ASSIGNMENT » In the entries below, the lines from the one with "Vaccines are being" through the one with "All-New Classic Captain Canuck #1 Comic" are to be copied exactly; both ends count.

DATA EXCERPTS »
::::::::
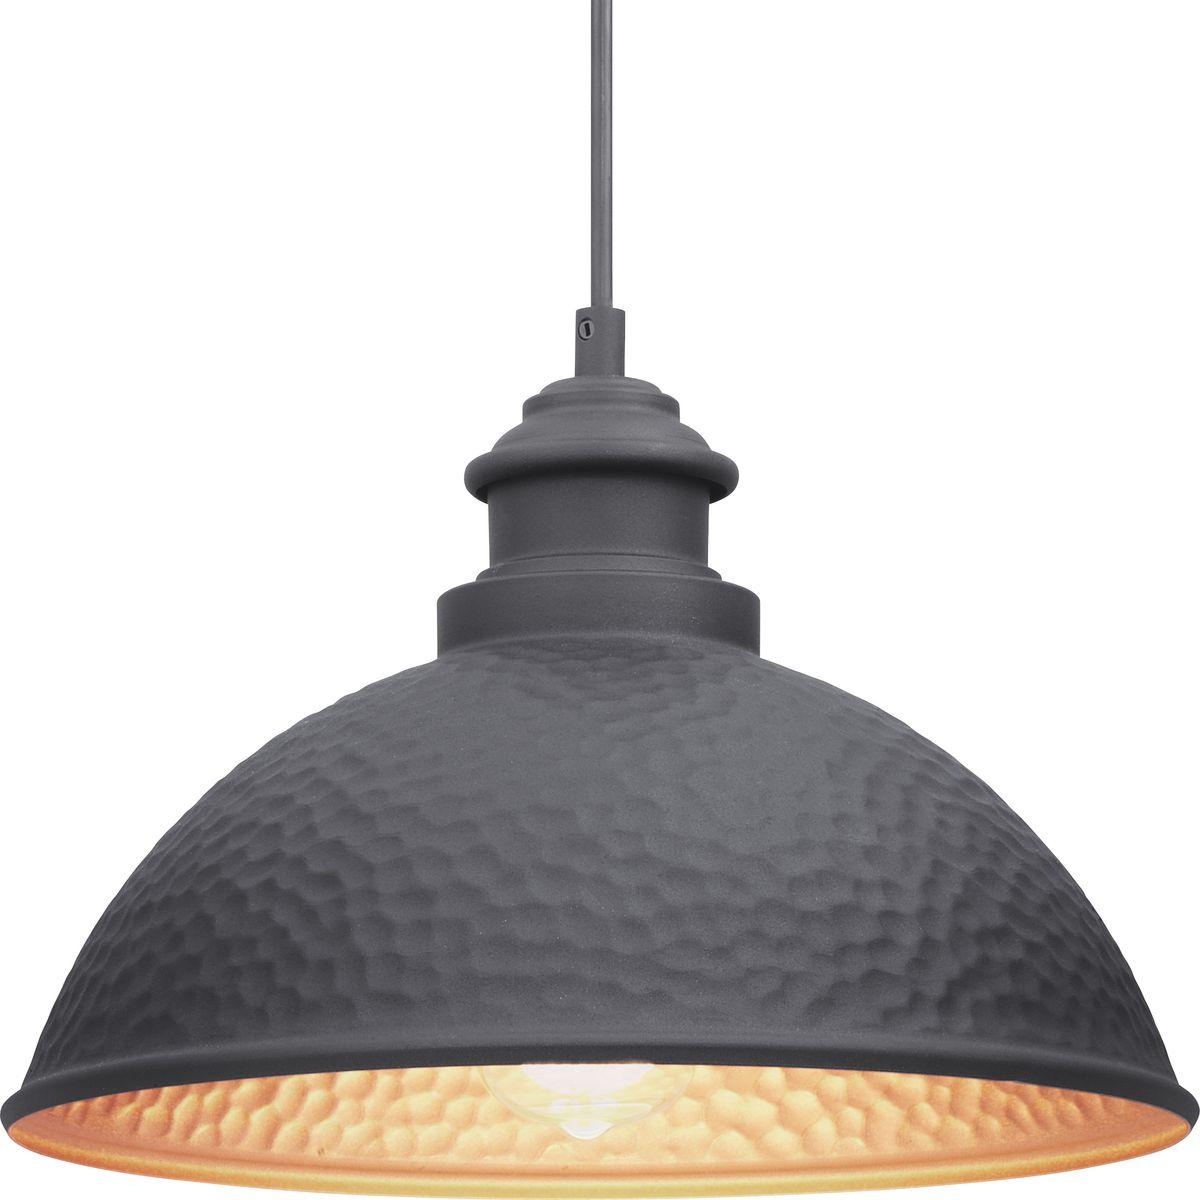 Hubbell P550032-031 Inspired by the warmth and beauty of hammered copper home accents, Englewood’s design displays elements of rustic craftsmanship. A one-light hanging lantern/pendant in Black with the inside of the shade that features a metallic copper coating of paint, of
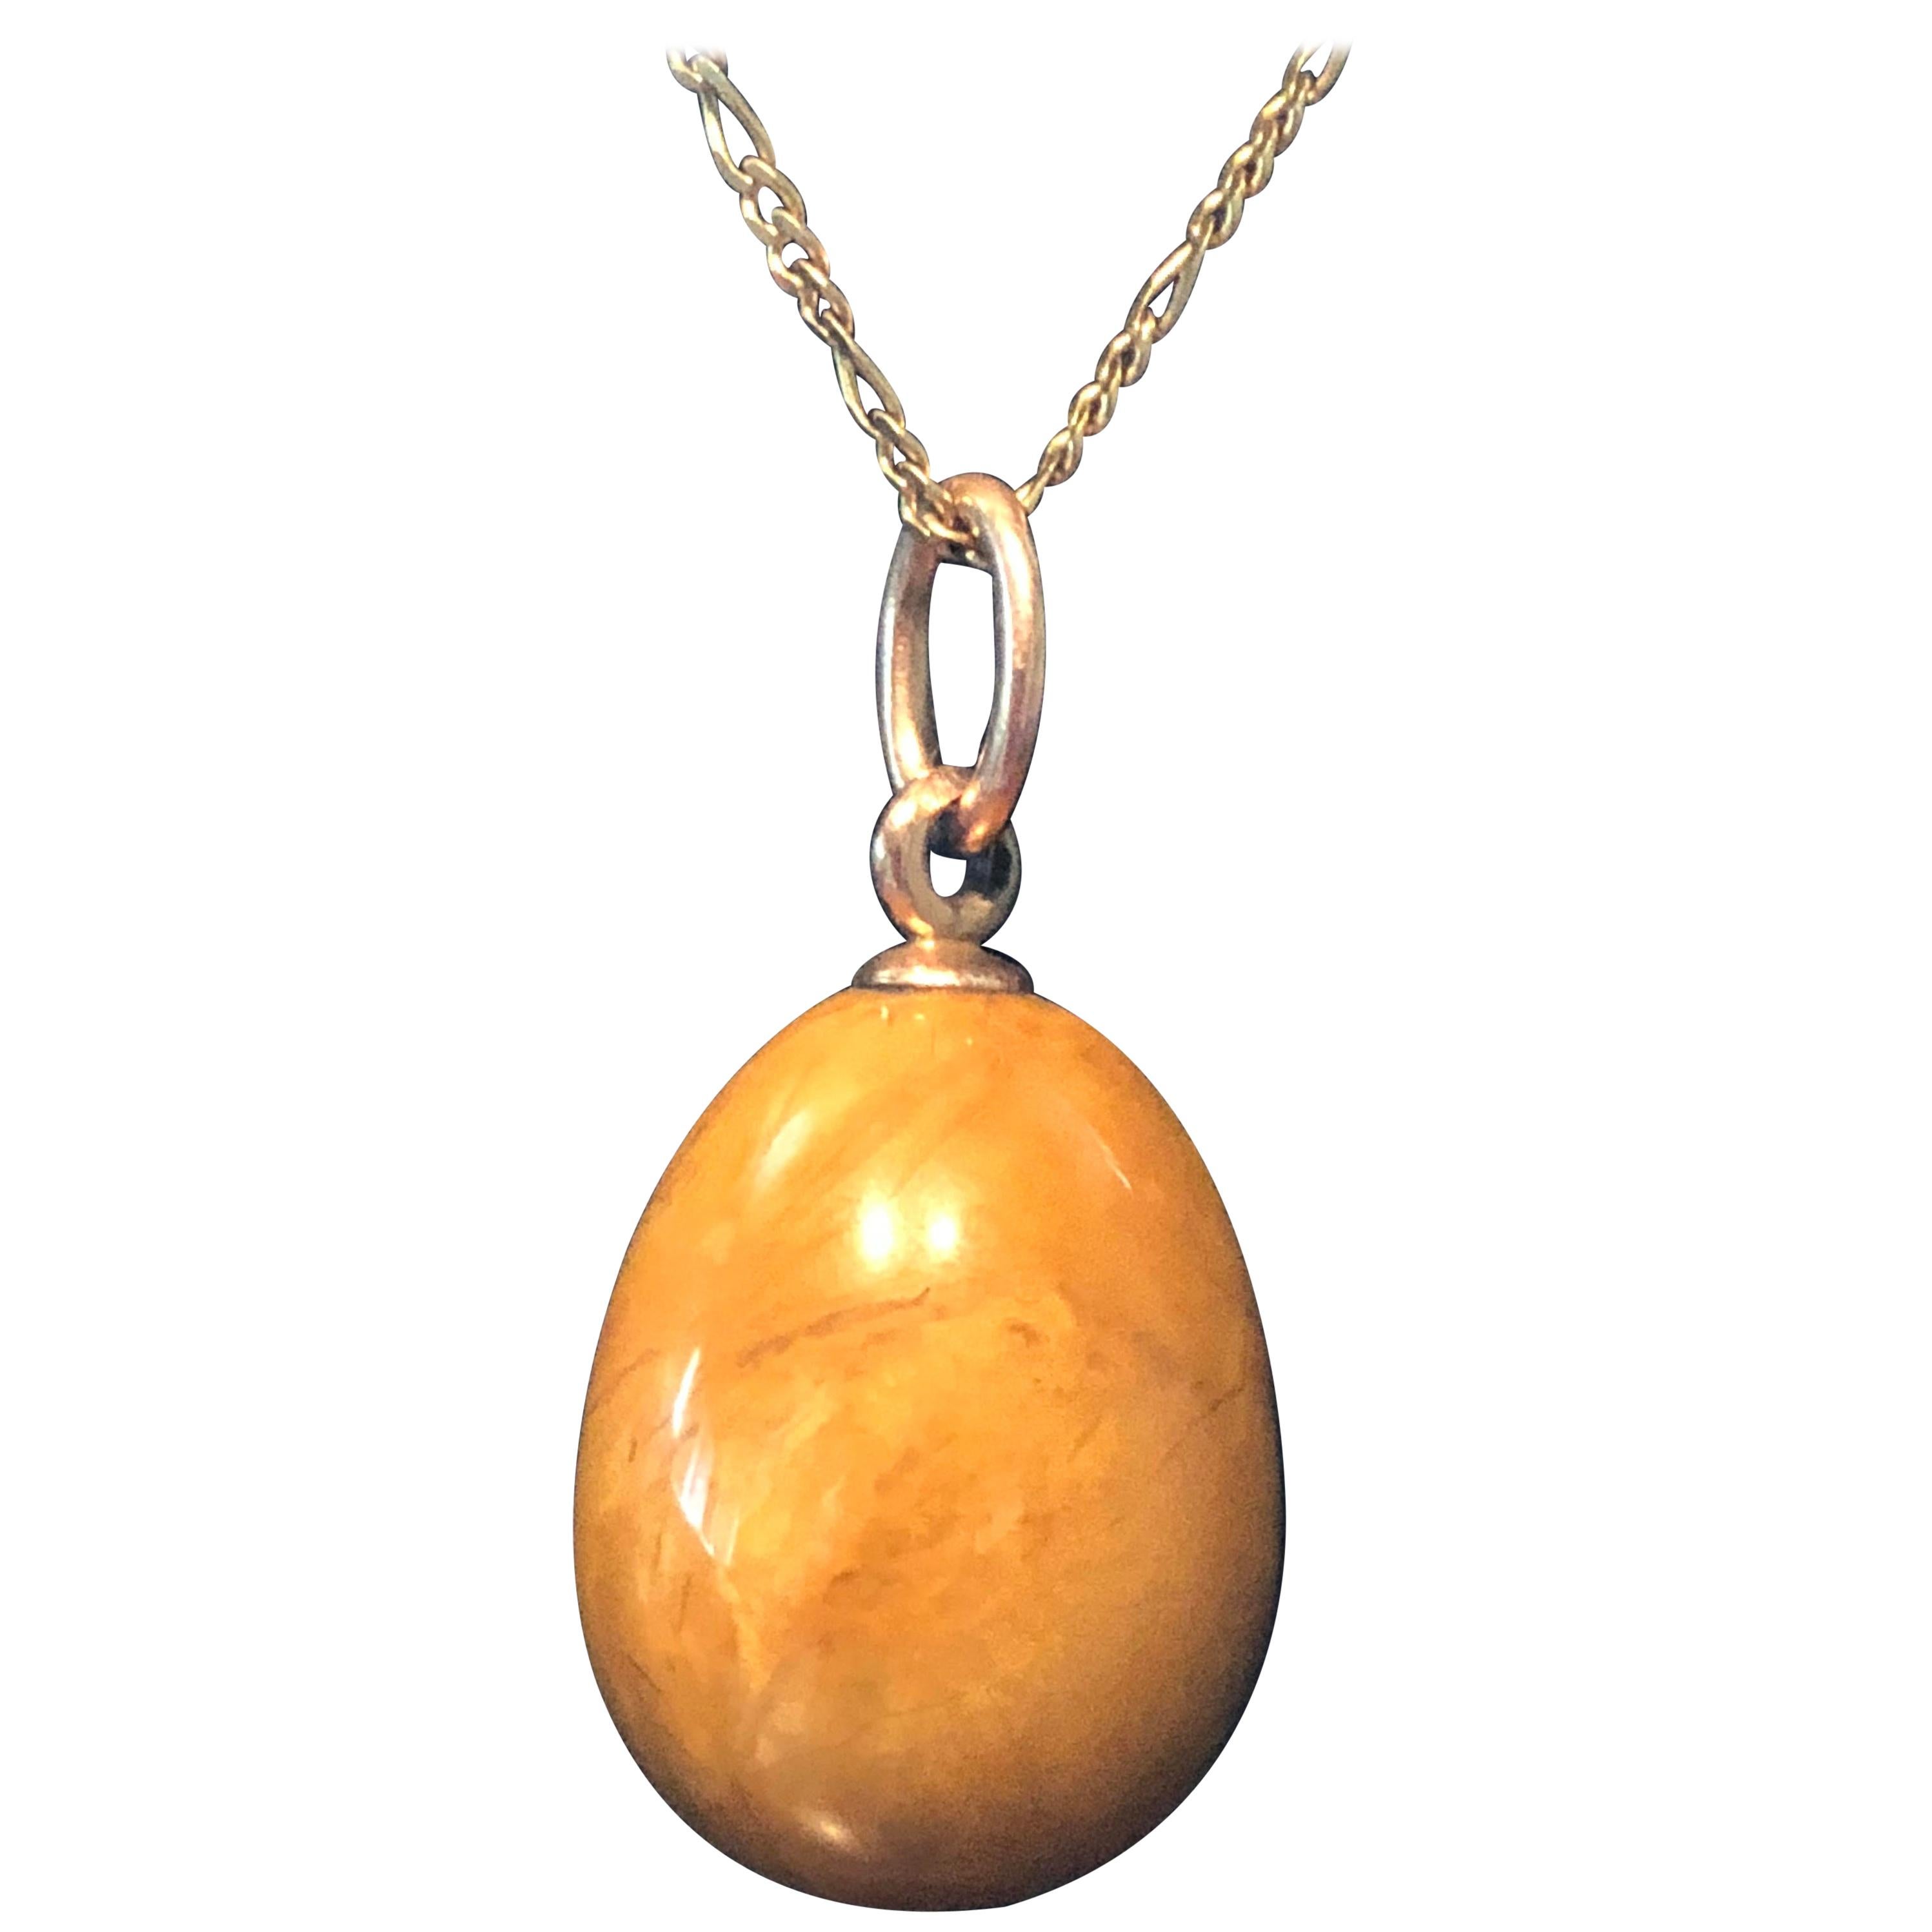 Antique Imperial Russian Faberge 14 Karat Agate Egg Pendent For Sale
::::::::
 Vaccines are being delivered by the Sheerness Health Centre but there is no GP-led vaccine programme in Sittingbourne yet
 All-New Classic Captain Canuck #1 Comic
::::::::
ANSWER BELOW »
 Vaccines are being delivered by the Sheerness Health Centre but there is no GP-led vaccine programme in Sittingbourne yet
 All-New Classic Captain Canuck #1 Comic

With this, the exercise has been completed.